## Task instructions
To complete this task, print all the data below exactly but leave out the images.

## Collected material
⟨
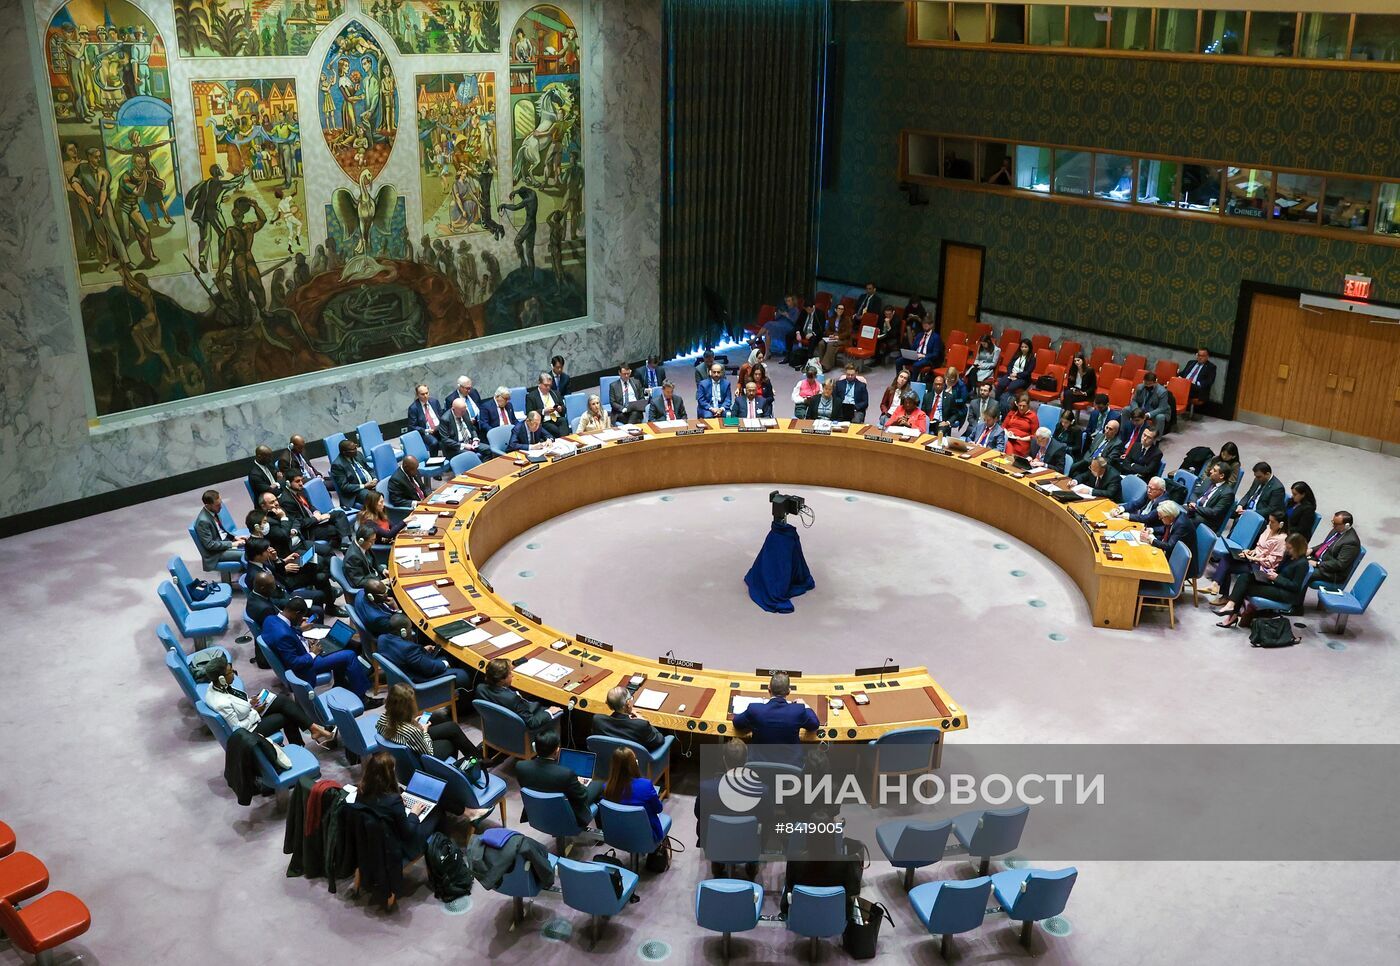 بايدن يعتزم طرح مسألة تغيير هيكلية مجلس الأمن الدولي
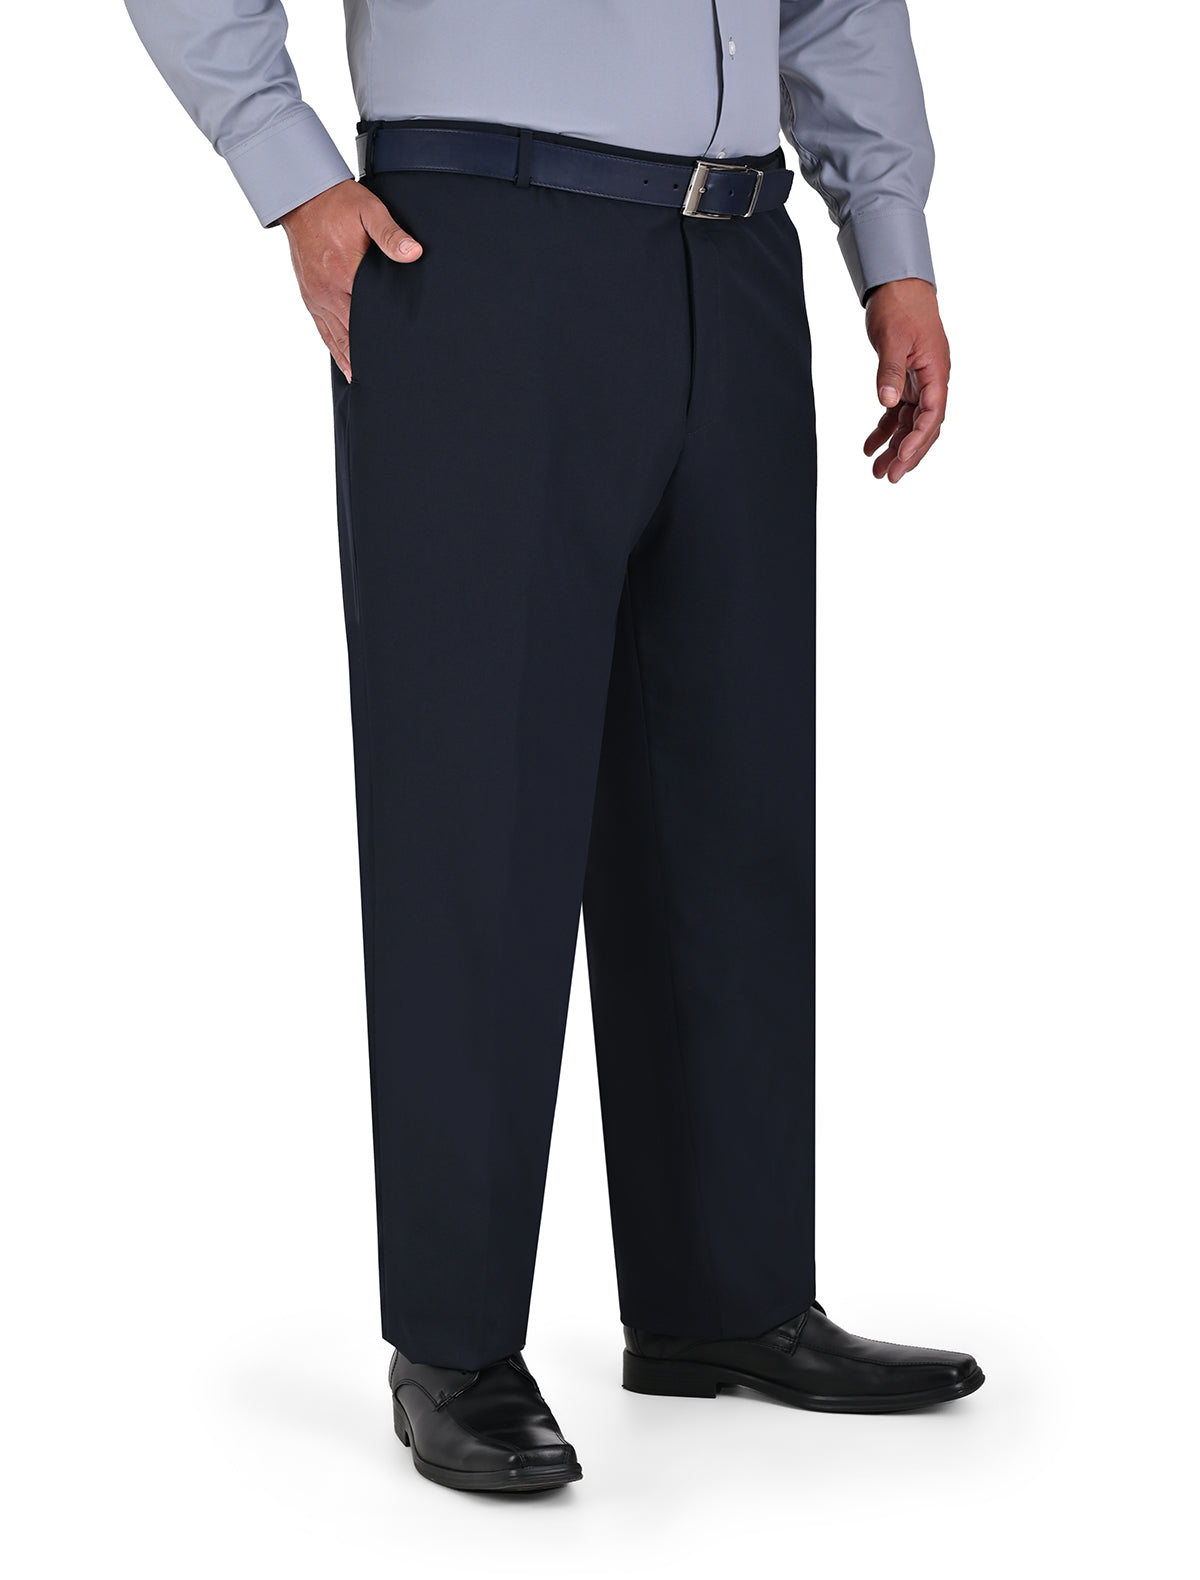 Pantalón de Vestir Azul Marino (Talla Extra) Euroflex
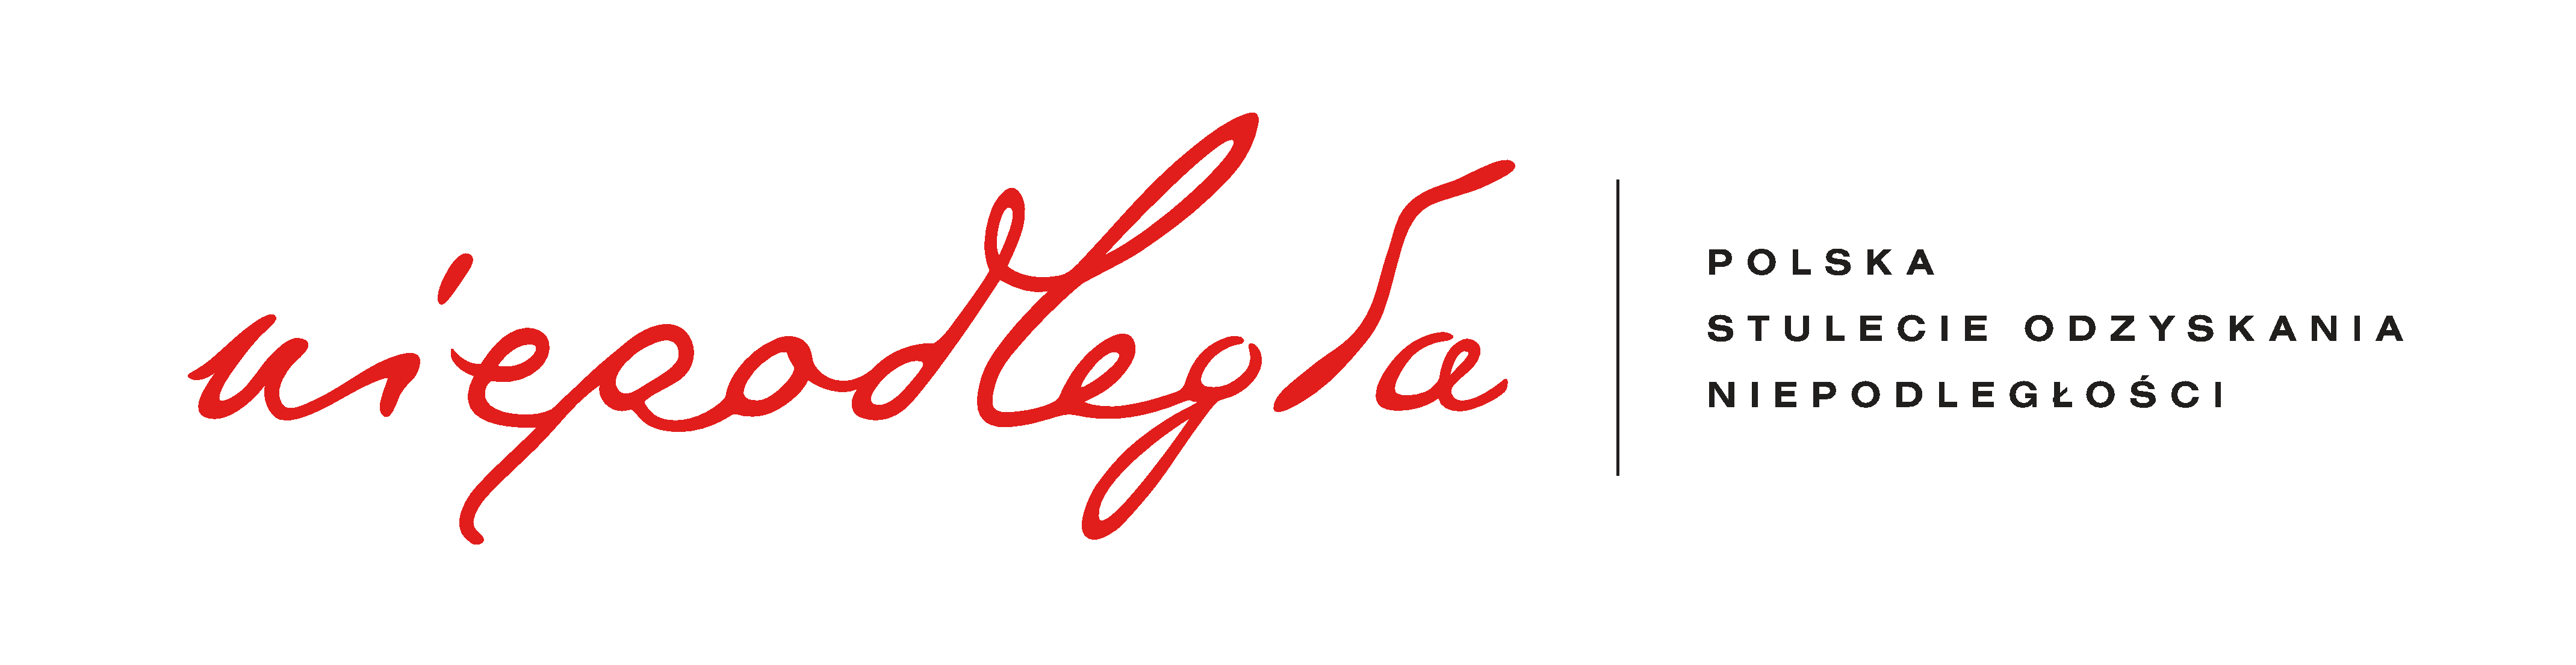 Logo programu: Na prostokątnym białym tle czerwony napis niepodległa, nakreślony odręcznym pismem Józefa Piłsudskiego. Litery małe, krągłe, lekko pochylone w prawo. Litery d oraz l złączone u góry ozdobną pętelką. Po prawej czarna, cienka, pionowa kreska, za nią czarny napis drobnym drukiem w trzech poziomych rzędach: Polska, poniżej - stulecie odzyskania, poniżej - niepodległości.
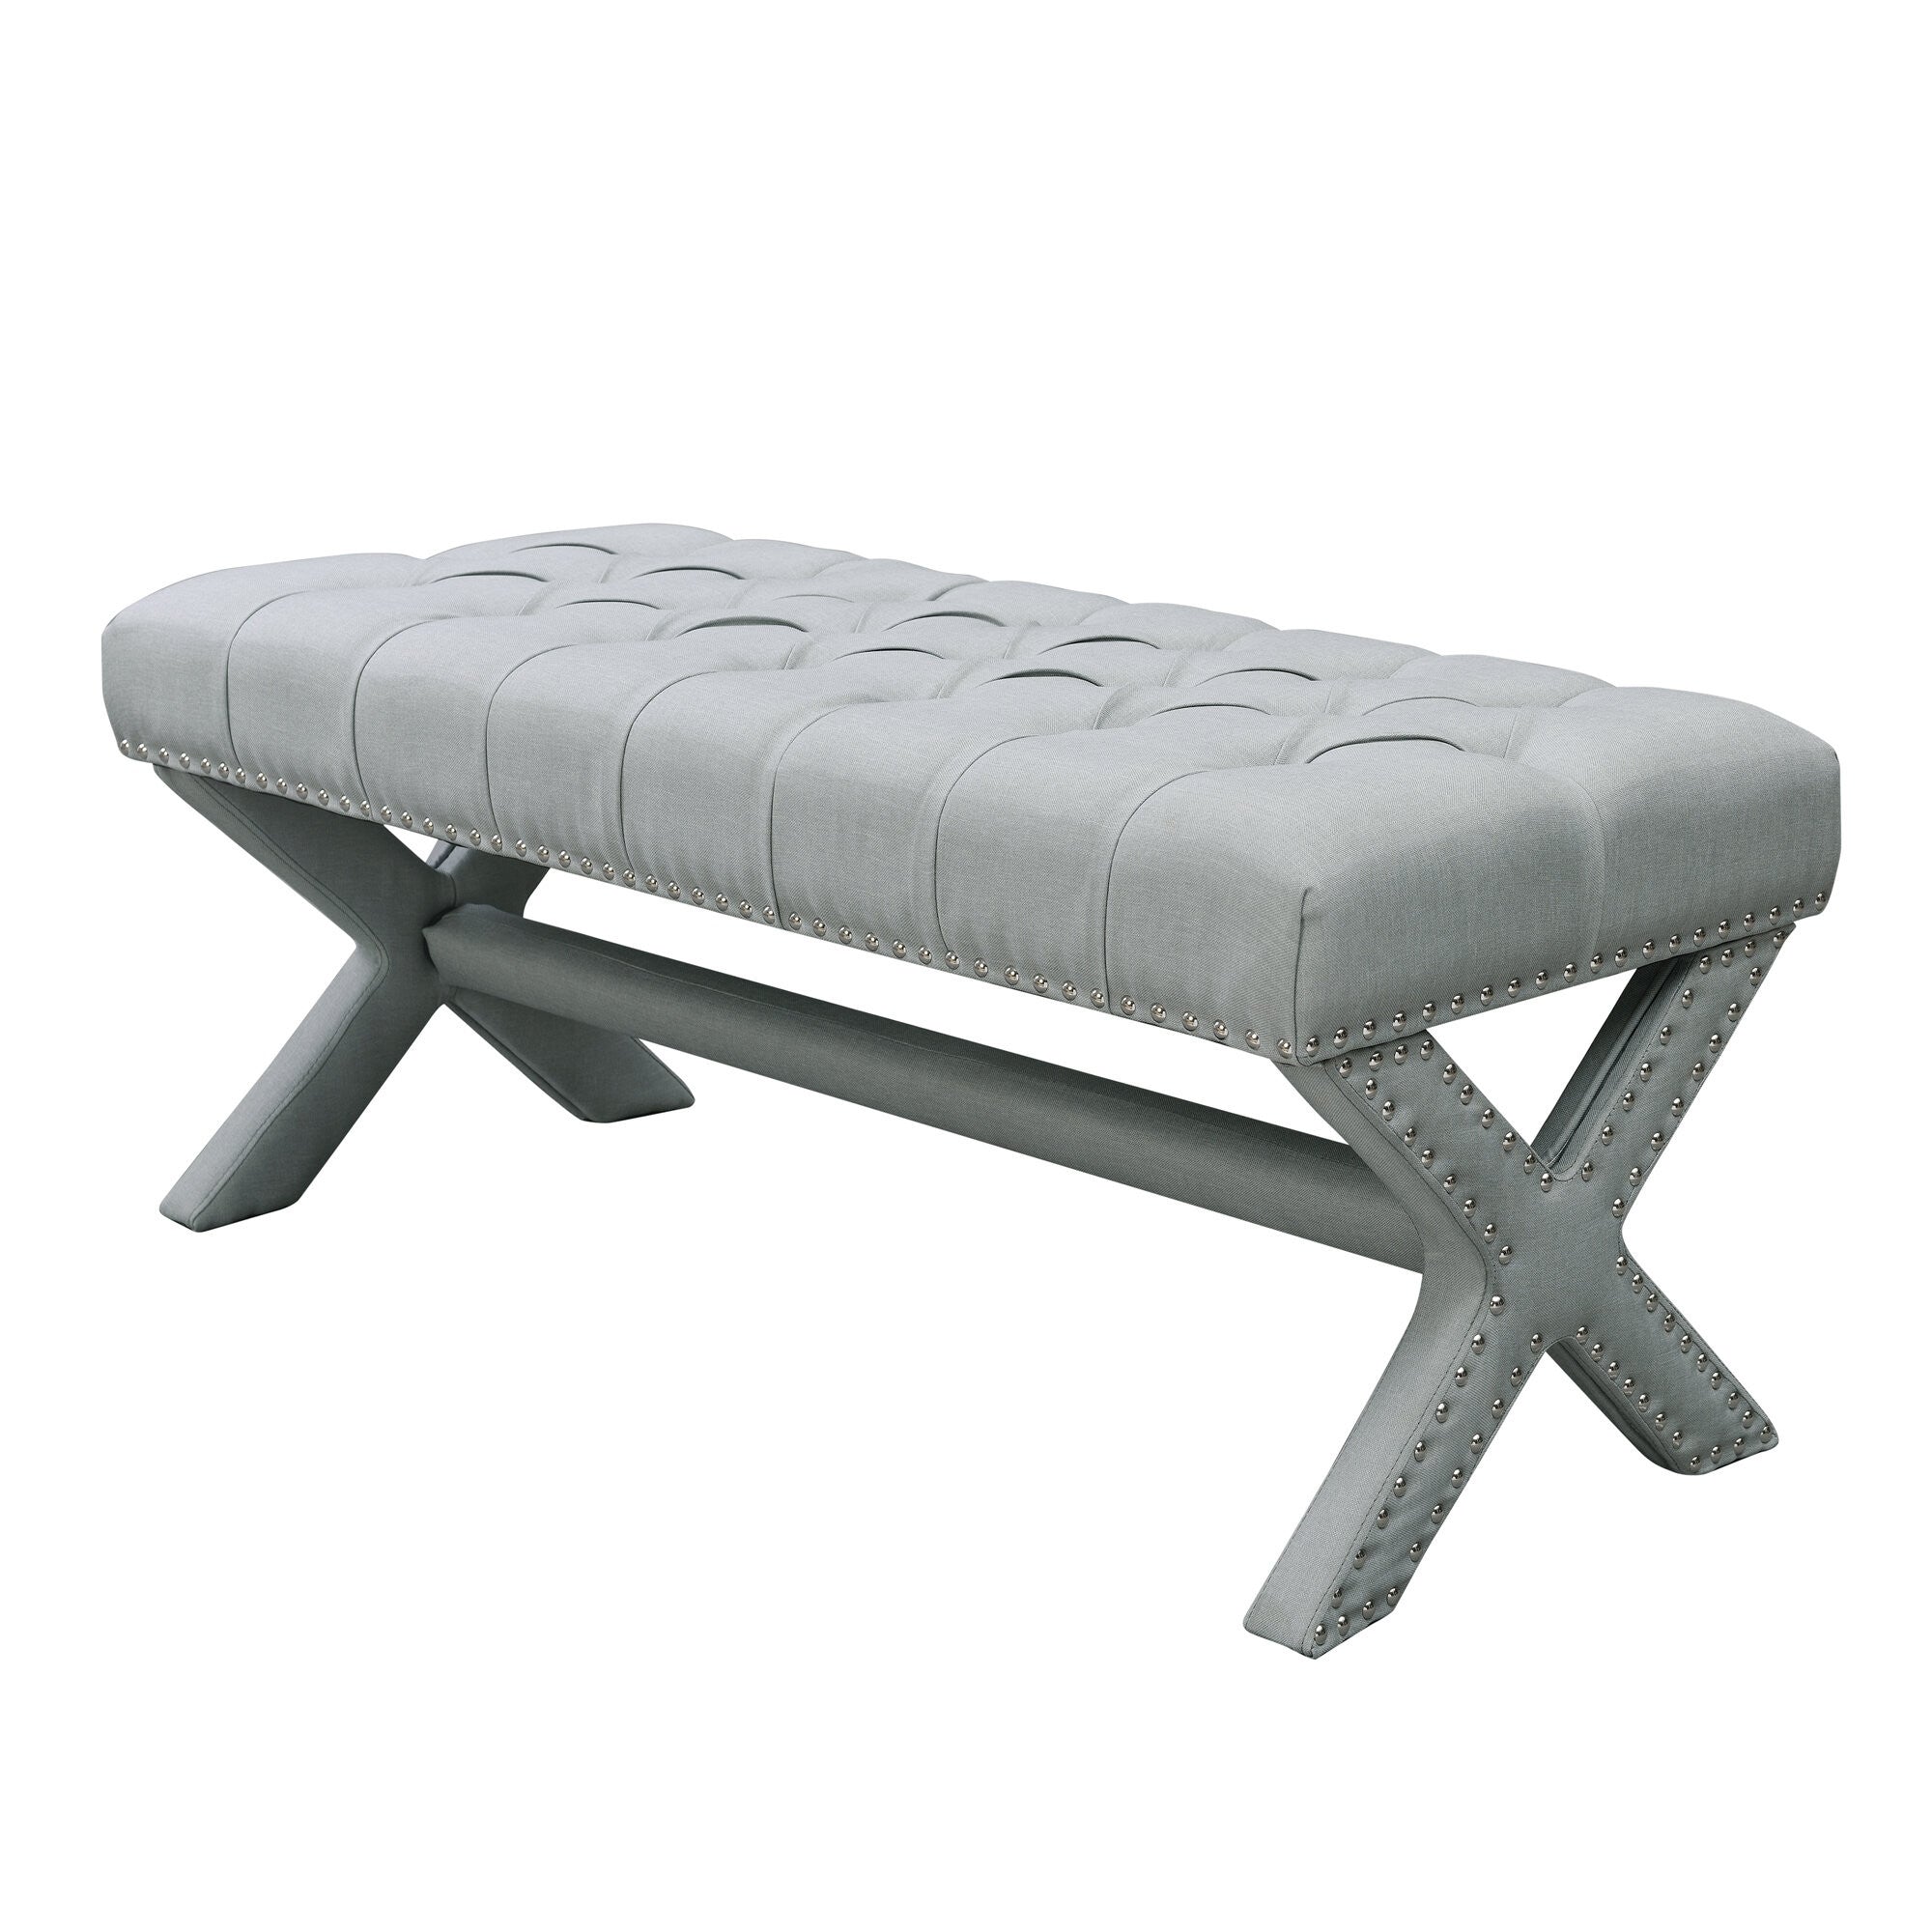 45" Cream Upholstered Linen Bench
⟩
## Output for this exercise
 بايدن يعتزم طرح مسألة تغيير هيكلية مجلس الأمن الدولي
 Pantalón de Vestir Azul Marino (Talla Extra) Euroflex
 Logo programu: Na prostokątnym białym tle czerwony napis niepodległa, nakreślony odręcznym pismem Józefa Piłsudskiego. Litery małe, krągłe, lekko pochylone w prawo. Litery d oraz l złączone u góry ozdobną pętelką. Po prawej czarna, cienka, pionowa kreska, za nią czarny napis drobnym drukiem w trzech poziomych rzędach: Polska, poniżej - stulecie odzyskania, poniżej - niepodległości.
 45" Cream Upholstered Linen Bench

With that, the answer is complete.